AutoNation, Inc. (NYSE:AN) Q4 2022 Earnings Call Transcript

Page 1 of 11

AutoNation, Inc. (NYSE:AN) Q4 2022 Earnings Call Transcript February 17, 2023

Operator: Good morning. My name is Breka, and I will be your conference operator for today. At this time, I would like to welcome everyone to the AutoNation Fourth Quarter 2022 Earnings Conference Call. After the speakers’ remarks, there will be a question-and-answer session. Thank you. I would now like to turn the call over to Derek Fiebig, Vice President of Investor Relations. You may begin your conference.

Derek Fiebig: Thank you, Breka, and good morning, everyone. I’d like to welcome you to AutoNation’s fourth quarter €˜22 conference call and webcast. Leading our call today will be Mike Manley, our Chief Executive Officer; and Joe Lower, our Chief Financial Officer. Following their remarks, we will open up the call for questions. Before beginning, I’d like to remind you that certain statements and information on this call, including any statements regarding our anticipated financial results and objectives constitute forward-looking statements within the meaning of the Federal Private Securities Litigation Reform Act of 1995. Such forward-looking statements involve known and unknown risks that may cause our actual results or performance to differ materially from such forward-looking statements.

Additional discussion of factors that could cause our actual results to differ materially are contained in our press release issued today and in our SEC filings. Certain non-GAAP financial measures as defined under SEC rules will be discussed on this call. Reconciliations are provided in our press release and on our website located at investors.autonation.com With that, I’ll turn the call over to Mike.

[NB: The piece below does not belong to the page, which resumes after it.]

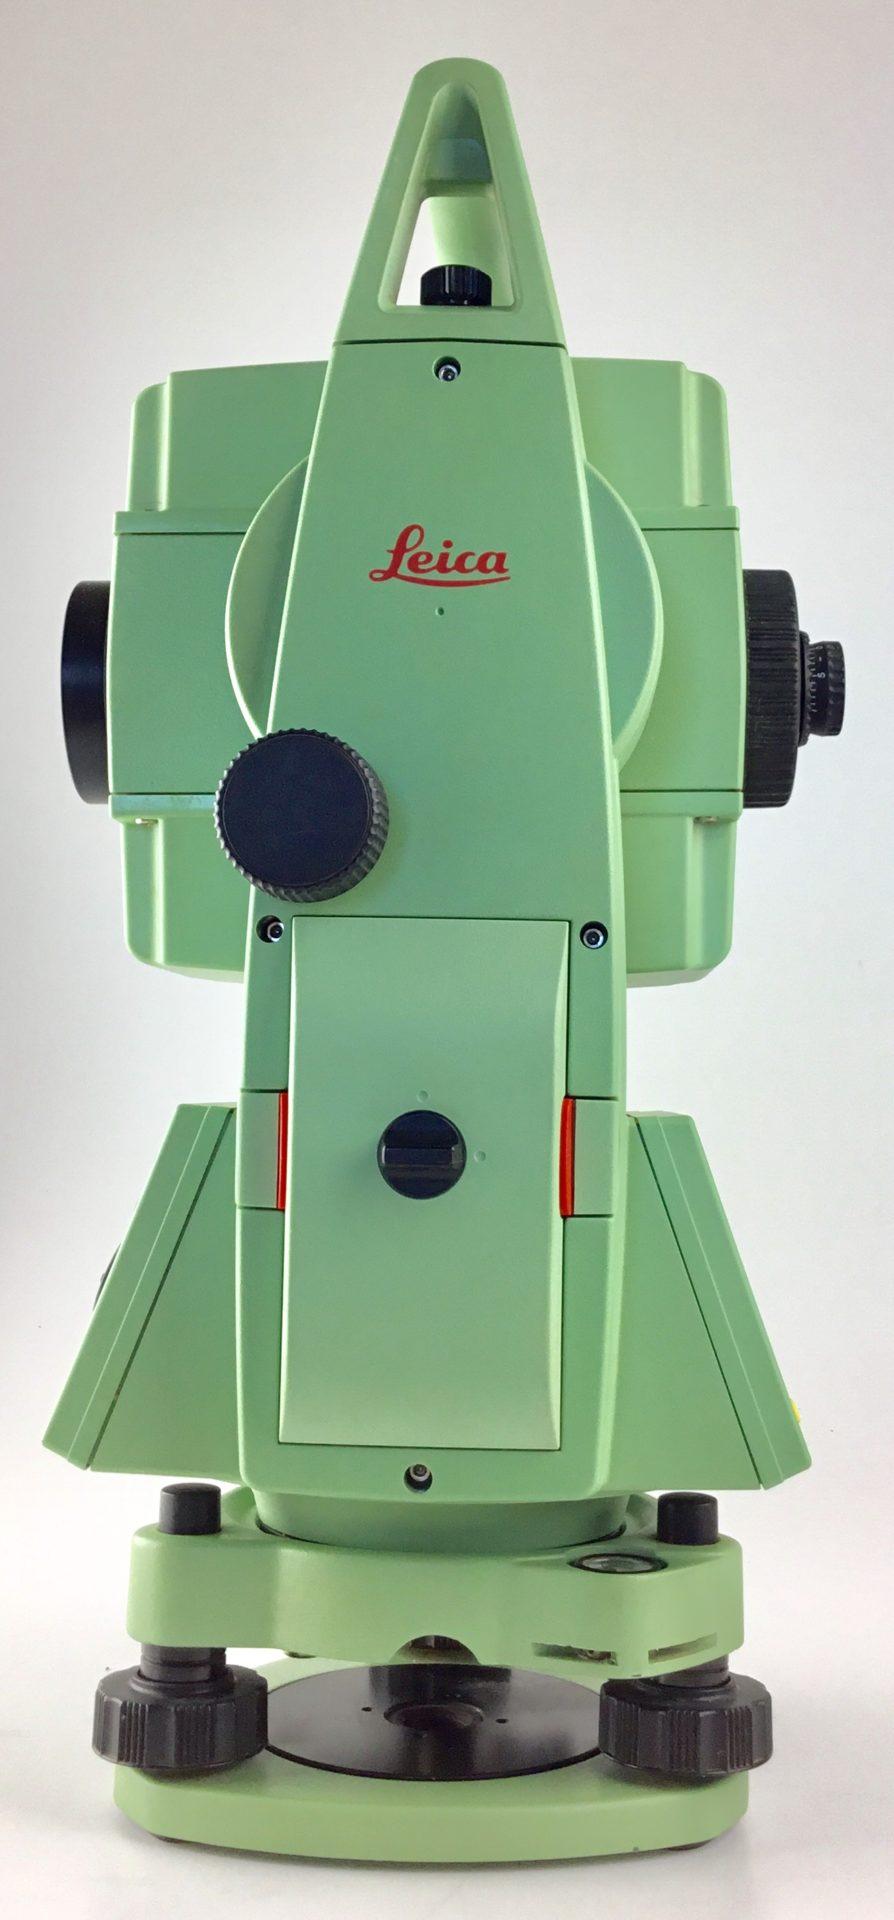 Leica Tcr 405 Power 5 U201d Reflectorless Total Station

Mike Manley: Yes. Thanks, Eric. Good morning, everyone. Thank you for joining us. 2022 was a great year for AutoNation and full consecutive record quarter. Tremendous results driven by the entire AutoNation team, and I know many of you are on the call. So my personal congratulations to all of you. Joe is going to take us through the result in detail, but I’m going to just touch on some of the headline numbers. Q4 new vehicle retail industry was up 2% with us posting a same-store 4% increase over prior year. New vehicle industry declined by 6%, which in my view was significantly driven by constrained used vehicle inventory, which also was a key driver of our used vehicle sales being down 11% in the quarter. Total revenue up year-over-year in the quarter to $6.7 billion bringing our full-year revenue and a $27 billion, up 4.4%.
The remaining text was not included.